Aon’s core commercial brokerage operations reported $1.78 billion in revenue for the quarter, up 6% on an organic basis, which excludes the effect of foreign exchange fluctuations and mergers and acquisitions.
Reinsurance brokerage revenue rose 10% to $1.08 billion and 9% on an organic basis, driven by strong growth in treaty business following Jan. 1 reinsurance renewals.

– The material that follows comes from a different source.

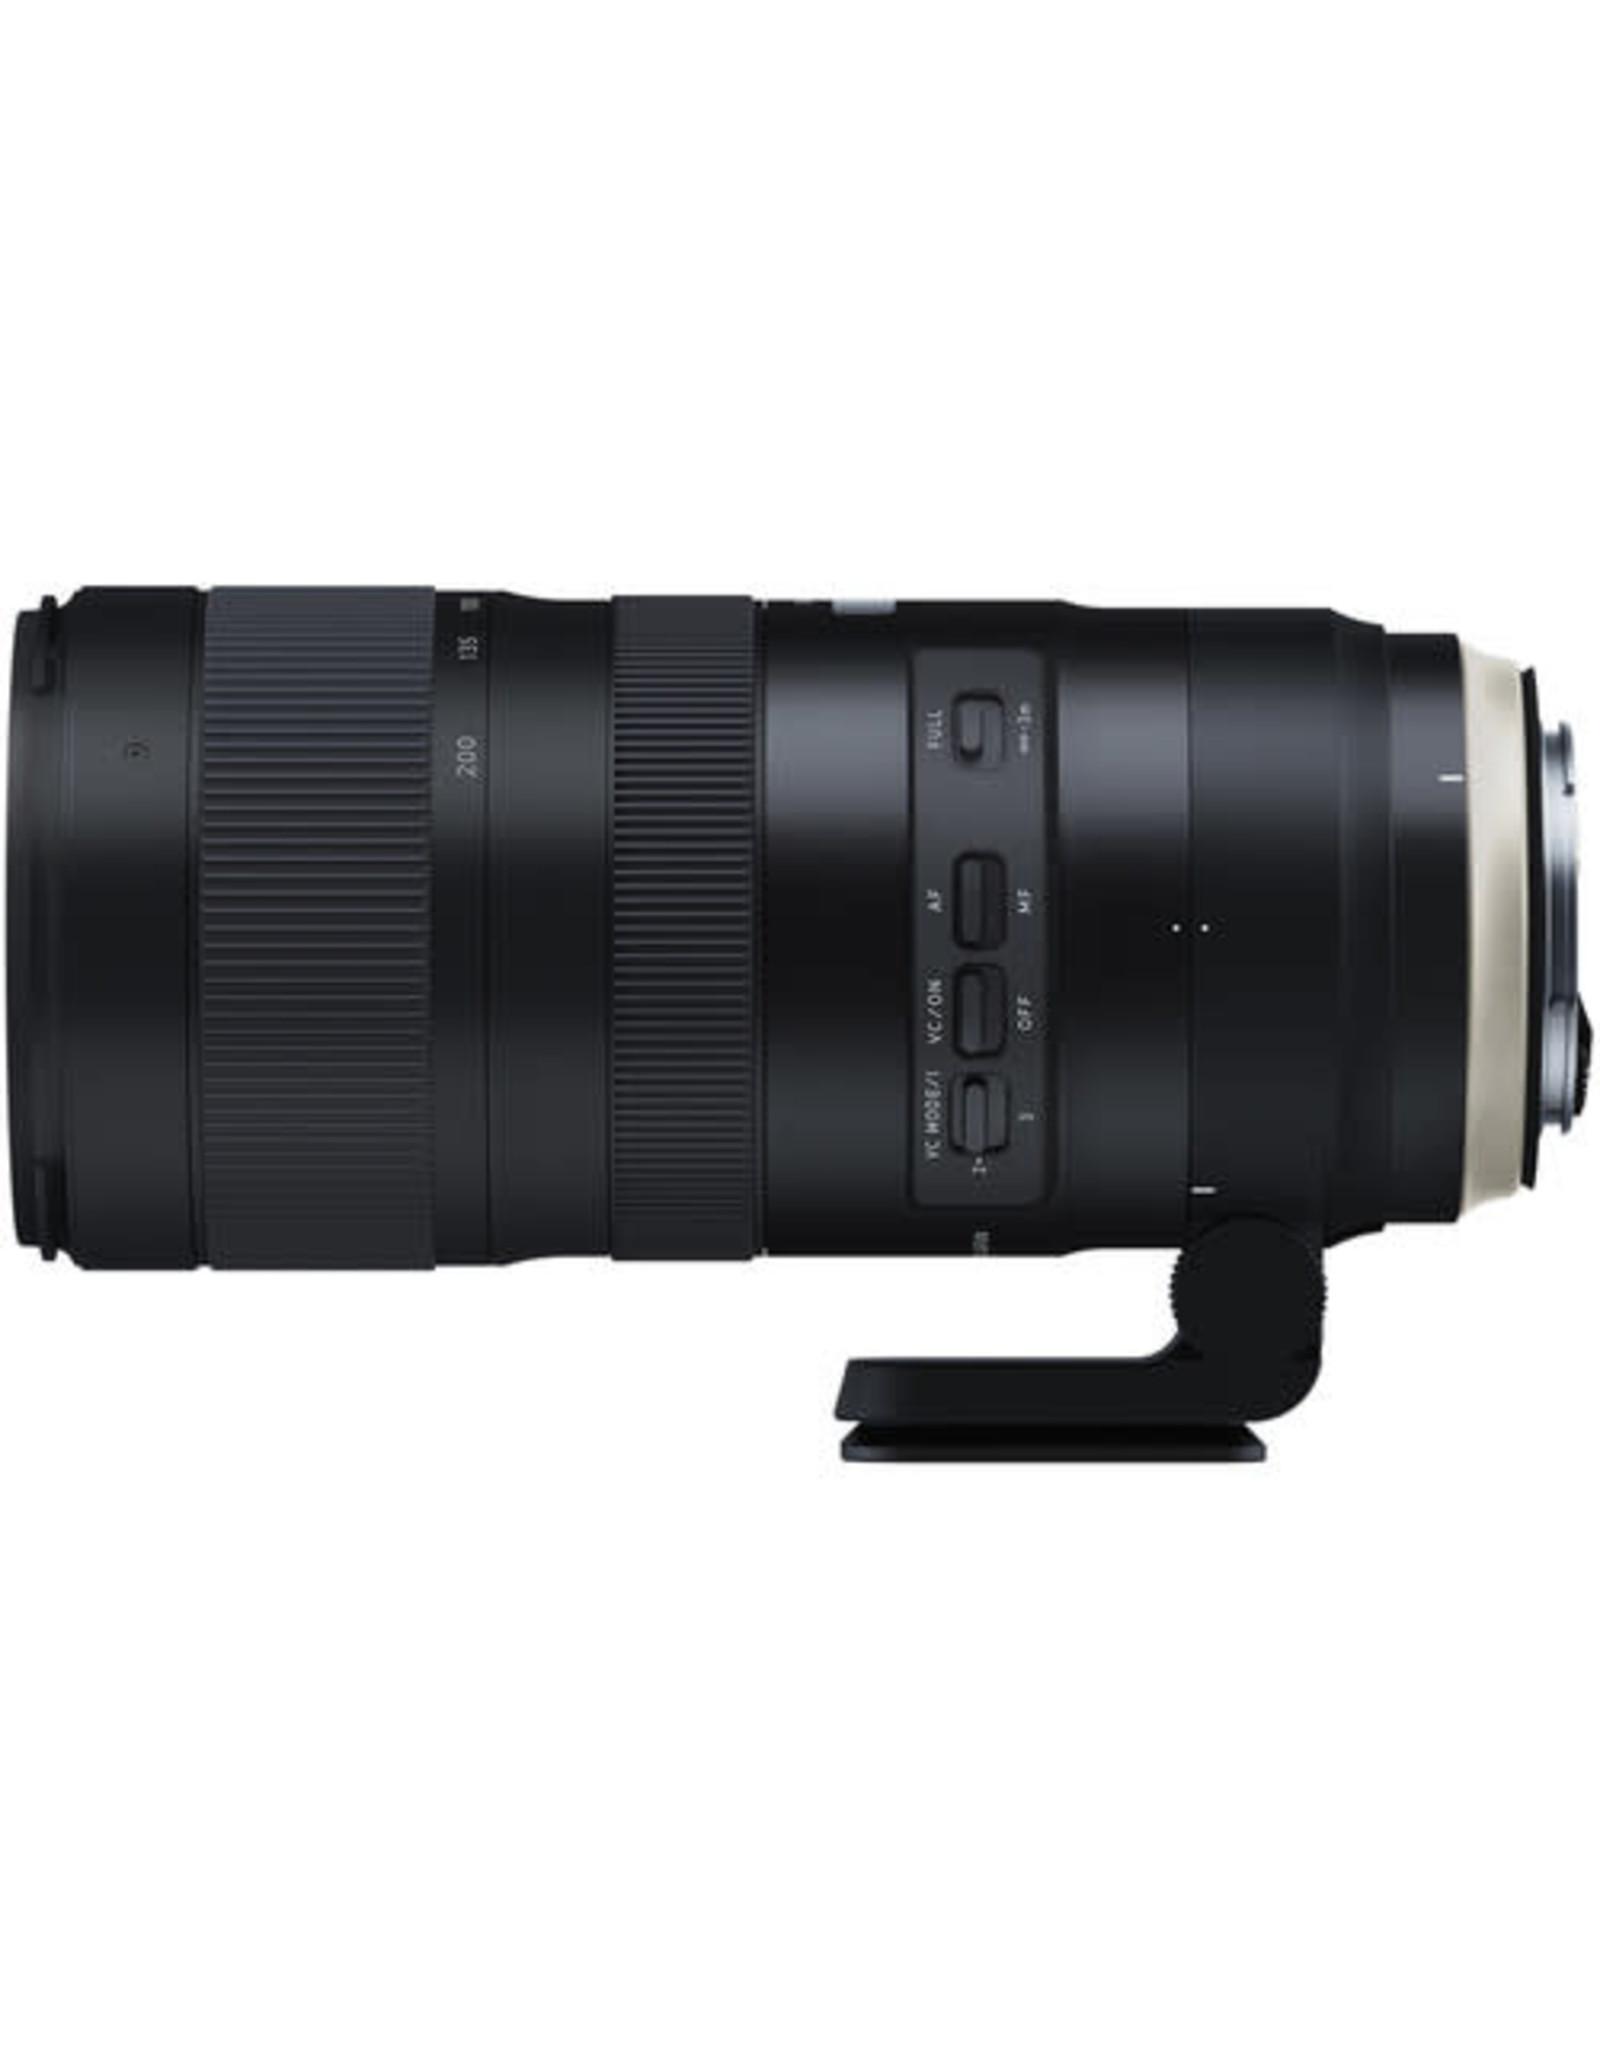 Tamron Tamron SP 70-200mm f2.8 Di VC USD G2  w/hood

Its health solutions revenue rose 5%, and 8% on an organic basis, to $671 million; its wealth solutions revenue rose 1% to $350 million but was up 6% on an organic basis.
Aon reported net income of $1.05 billion for the quarter, a 3% increase over the prior-year period.
The property market remains an increasingly challenging and volatile sector, Aon CEO Greg Case said on the earnings call.
“Market dynamics are causing reinsurers to shift risk appetites, requiring primary carriers to accept more risk, which in turn means property placements are more challenging for our clients,” Mr. Case said.
Aon is making greater use of analytics and integrated broking options, including traditional risk placements, wholesale, managing general agents, facultative and captives to help clients optimize their total cost of risk, he said.
Total operating expenses in the quarter increased 4% to $2.40 billion as compensation and benefits and business travel post-COVID-19 increased.
Capital expenditures increased in the first quarter as Aon initiated various technology projects to drive long-term growth and real estate initiatives aligned with its “smart working strategy,” Ms. Davies said.
Aon’s capital expenditures are expected to be around $200 million to $225 million this year, and “it’s reasonable to expect going forward in 2024 and beyond that capex will grow in line with expenses,” she said.